Another "lucky" camera drop!
Another “lucky” camera drop!

Drop the Camera and Run, You Idiot!

When climbing through a vent, make sure to always have your camera with you!
When climbing through a vent, make sure to always have your camera with you!

Darwin is pretty specific when it comes to the laws of who will survive and who won’t. Horror movies ask a lot from viewers when it comes to suspending disbelief when it comes to characters refusing to leave their haunted house due to financial reasons or constantly splitting up to search the mental ward, but what about common sense? Looking past all the flimsy and oft regurgitated excuses for main characters to have cameras and closed circuit systems, it’s hard to swallow their extreme idiocy.

When a bloodthirsty demon or murderous ghost is chasing you, would you hold onto bulky equipment that’s slowing you down? No, no you wouldn’t. You would drop it like it’s hot and get right on out of there. Unfortunately, the people in found footage films are a little less practical.

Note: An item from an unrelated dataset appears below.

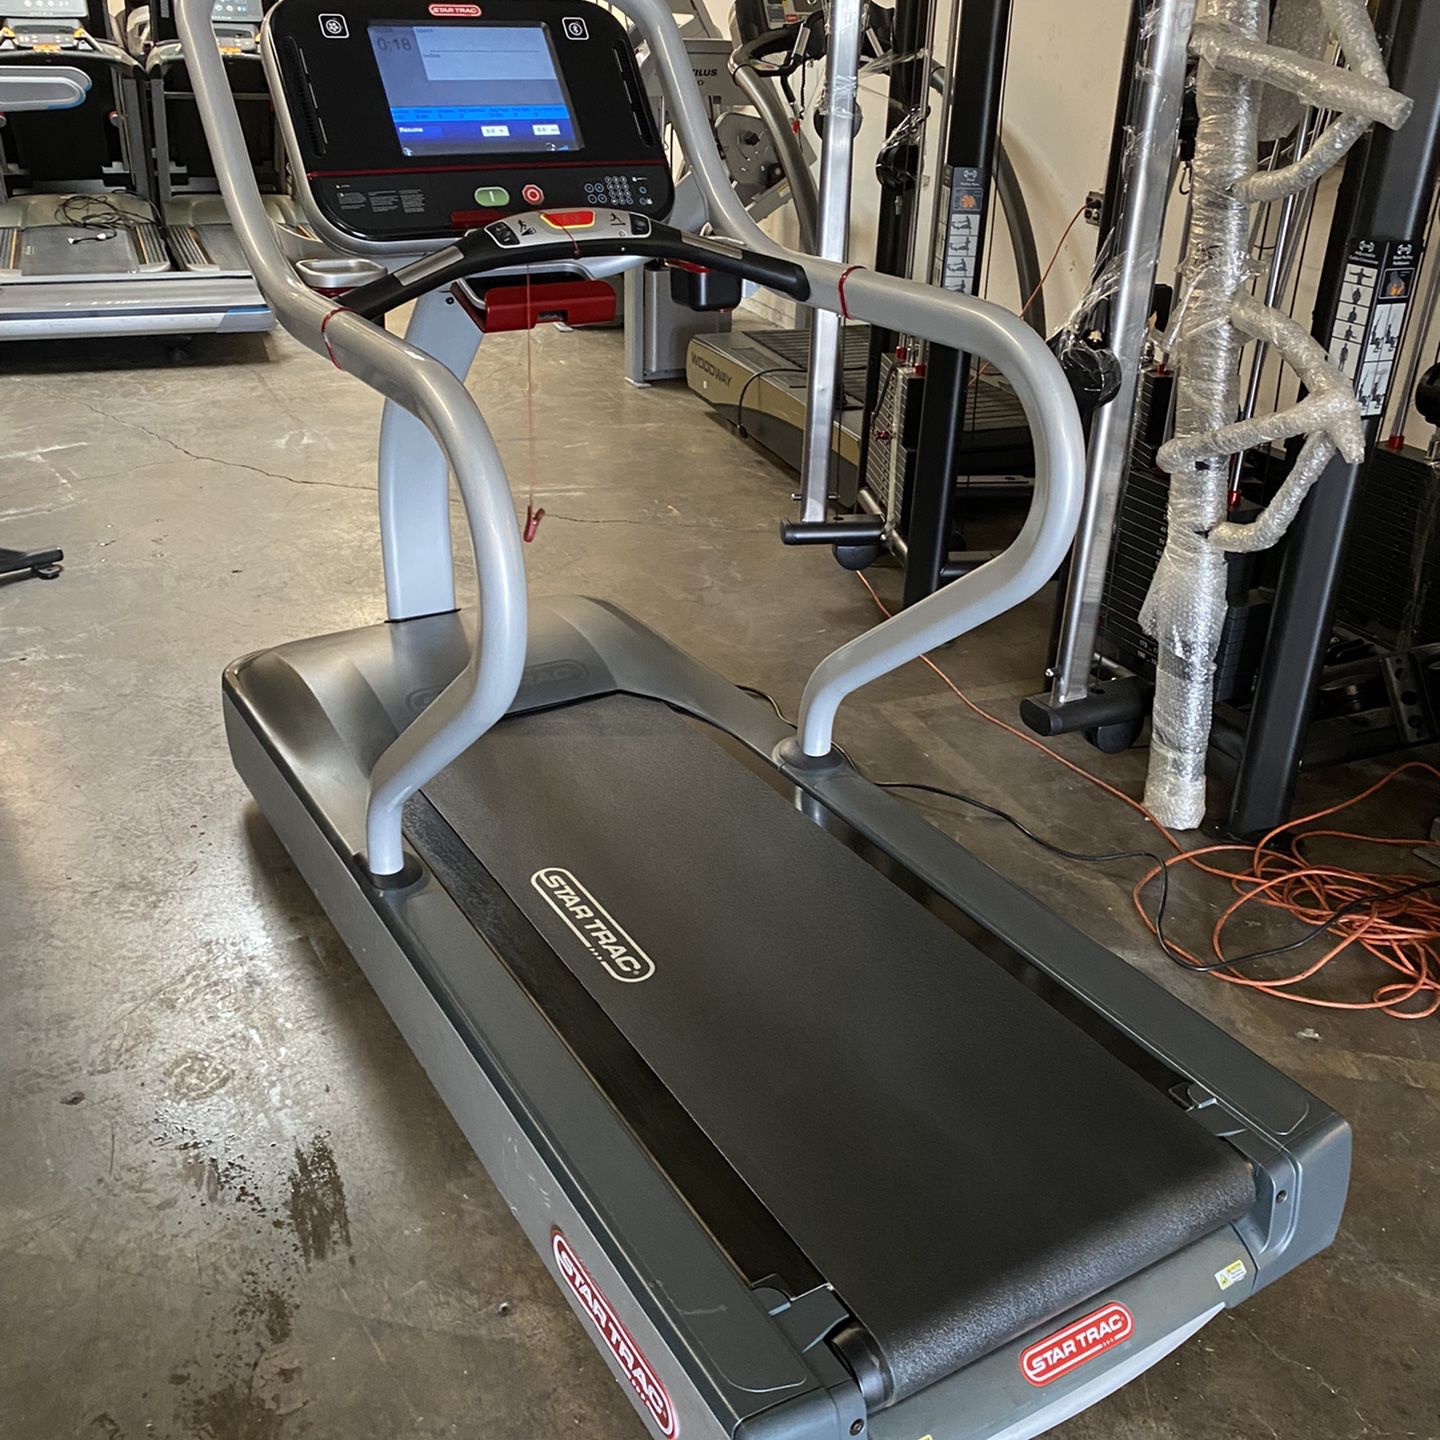 Star Trac Commercial Treadmill, Commercial Gym Equipment

They’ll cling to the cameras, conveniently pointing them at their faces for reactions shots or behind them for flashes of scary entities (further stretching our suspension of disbelief), but refusing to just let go. It’s even more frustrating when the camera gets dropped and the person scrambles for it as the director’s way of adding tension to the film but really, it just makes one wish the character would get eaten.

 

Why Are You Still Filming? People Are Dying!

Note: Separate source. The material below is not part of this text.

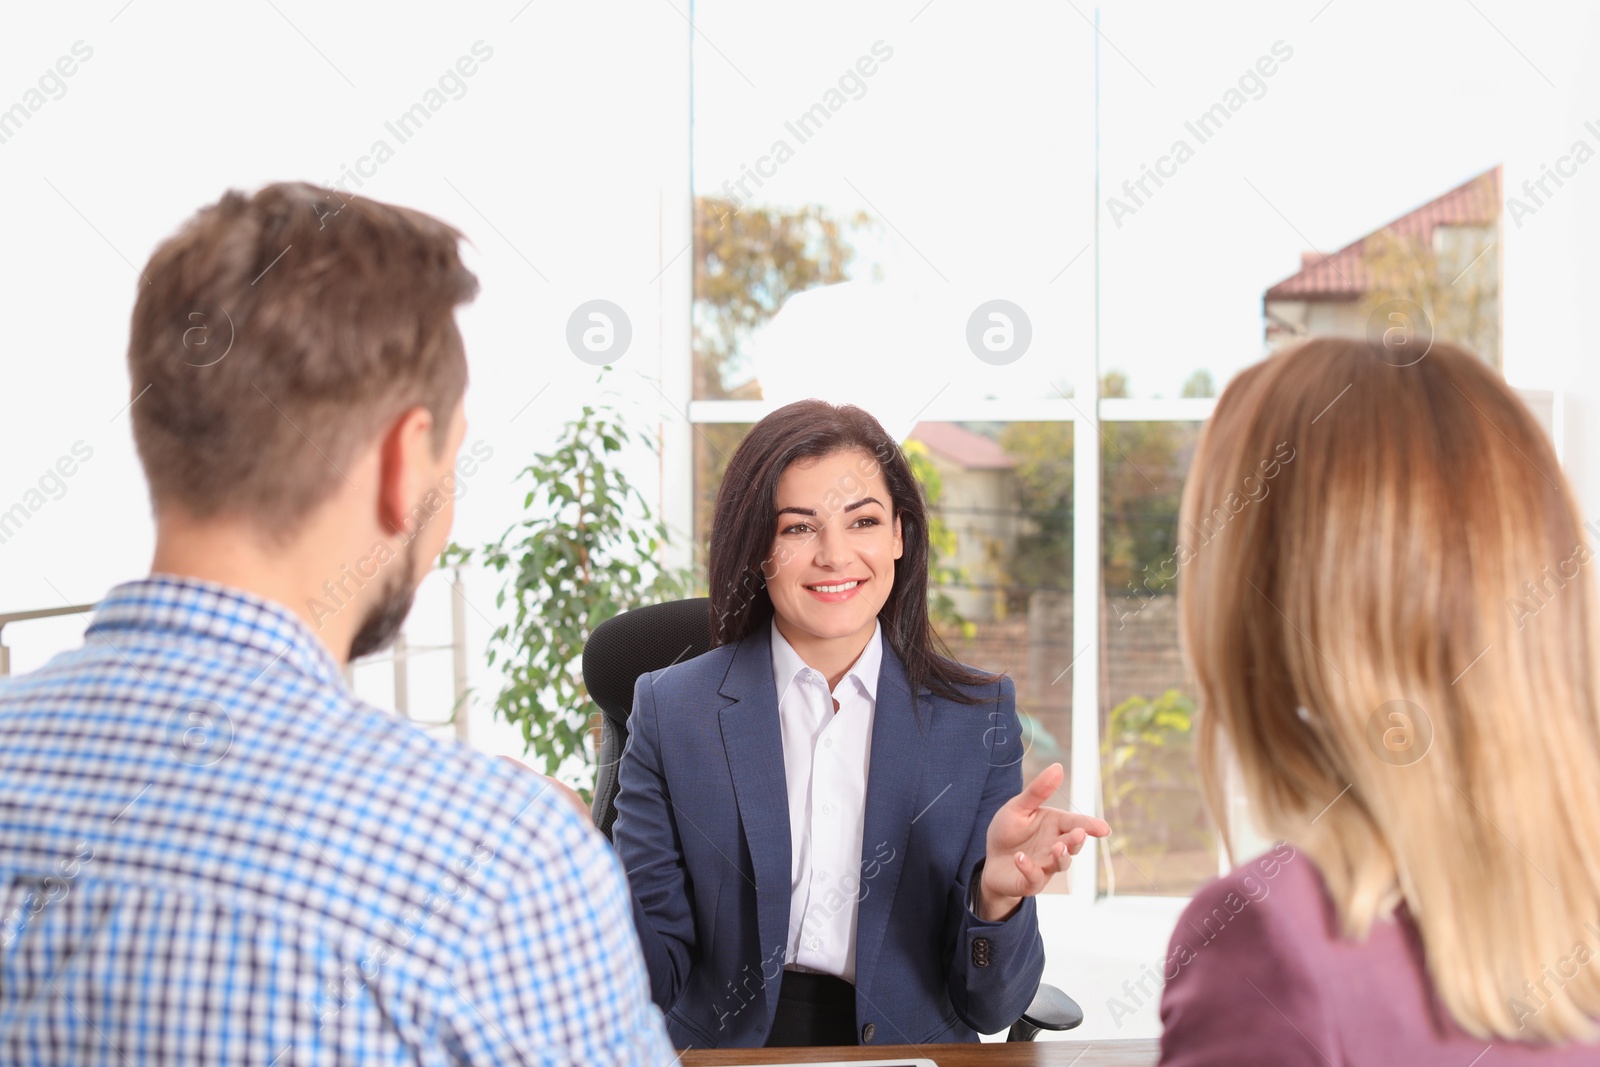 Photo of Human resources manager conducting job interview with applicants in office

Good idea. Film yourself rather than go to a doctor. Brilliant.
Good idea. Film yourself rather than go to a doctor. Brilliant.

Inevitably, a character will demand why another is still filming, usually about halfway through the movie. Some of their companions will have died, they will have been chased, attacked, and frightened and one sorry sack is still filming, as if they lack one single shred of human decency and, more importantly, common sense. The usual excuse is that the person filming wants to make sure the horror is being documented so that “everyone will know the truth.”

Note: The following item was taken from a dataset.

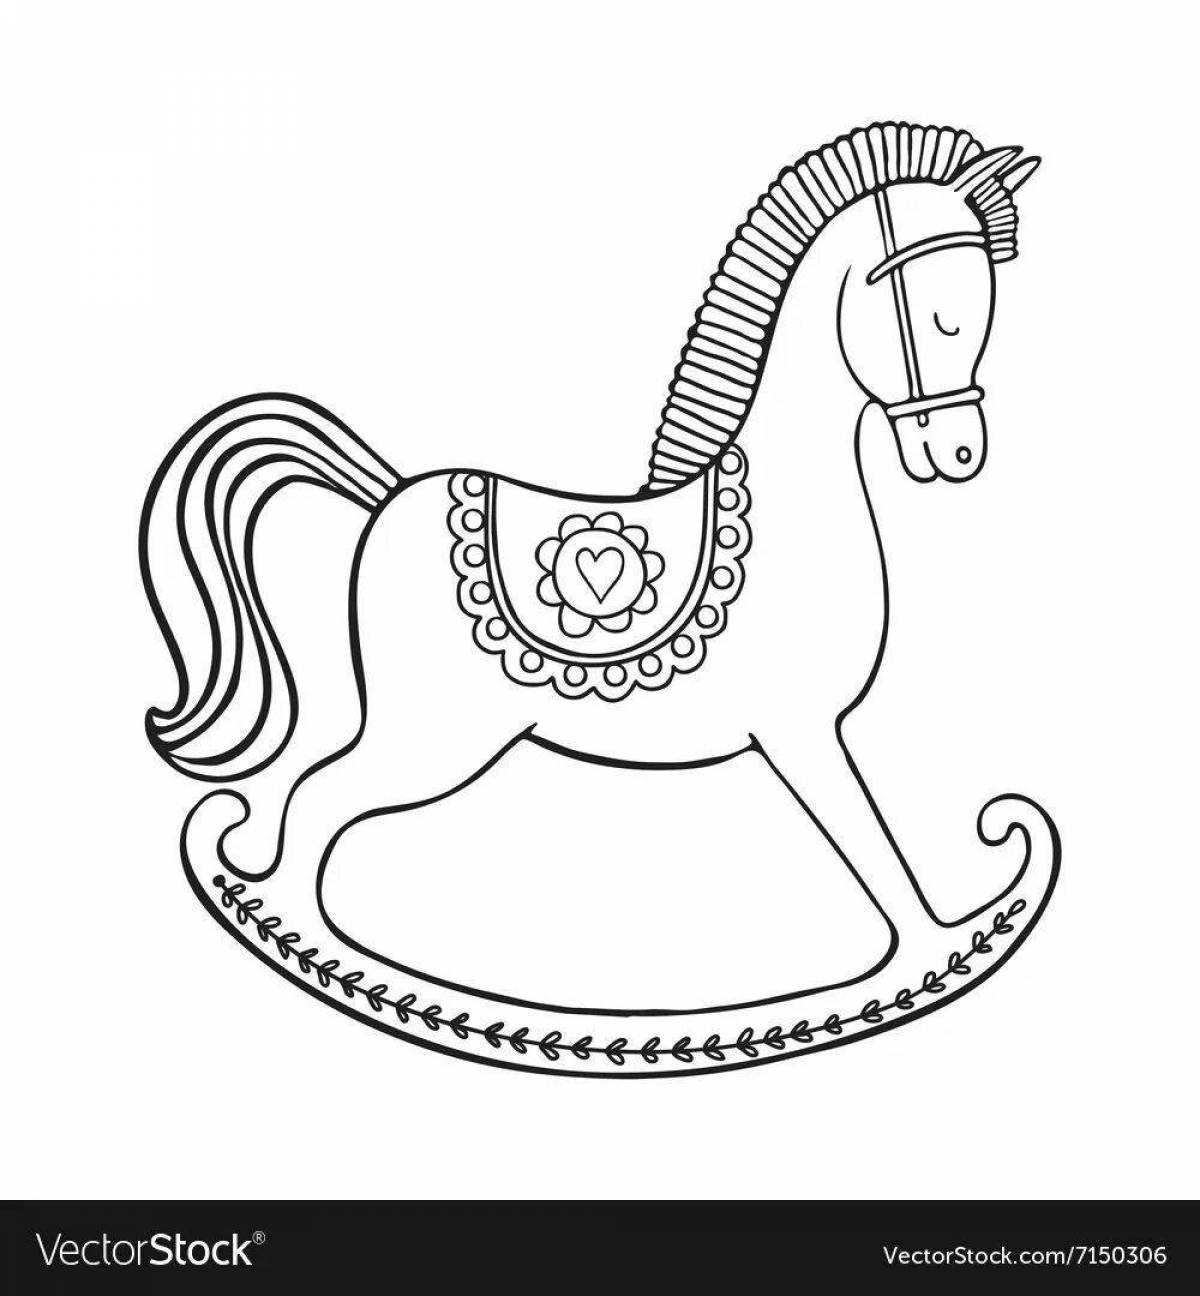 Rocking horse party coloring

Then, of course, it will usually come down to the last survivor who (guess what!?) is still filming and vomiting out a monologue for the camera. In Paranormal Activities 4, the main character continues to film after everything has hit the fan. Rather than turning and running like any sane person would do when something comes out of the darkness at her, she keeps the camera filming and pointing at the demon. Of course, in Paranormal Activities 5, one guy keeps his camera with him even as all his friends are slaughtered; he’s being surrounded by witches, and is sucked through a demon door to another time. In Grave Encounters 2, a guy is grabbed by some vengeful demon and his friend helps him get away, all the while still holding the camera and filming!

 

If You Can’t Do It, Stop Trying!

The first few found footage films were simple and straight forward and the characters usually only had one camera. Of course, this imposes some limitations on the film itself since the director can’t use certain shots or angles without it seeming ridiculous. Now found footage films are trying to get around this by allowing the faceless people who “find” these films access to things they should not have access to. This could include security camera footage of parking lots and store fronts, police tapes of suspect confessionals (as seen in Paranormal Activities 5), which begs the question; why didn’t they just make it into a regular movie? Devil’s Due even has an evil cult that breaks into the house and installs cameras at every angle to ensure proper documentation of the suspense.

Thank god whoever "found" this footage was thoughtful enough to get the police tapes too
Thank God whoever “found” this footage was thoughtful enough to get the police tapes too.

Found footage films were interesting and unique when they first started appearing in theaters, one could almost believe that they really were based on true events but now, it’s time to give up the ghost, so to speak. When the premise of your film is the same as all the rest, and your characters seem rather stupid and foolish, and your audience can guess when the jump scare is coming because the character puts the camera down, it’s time to move on.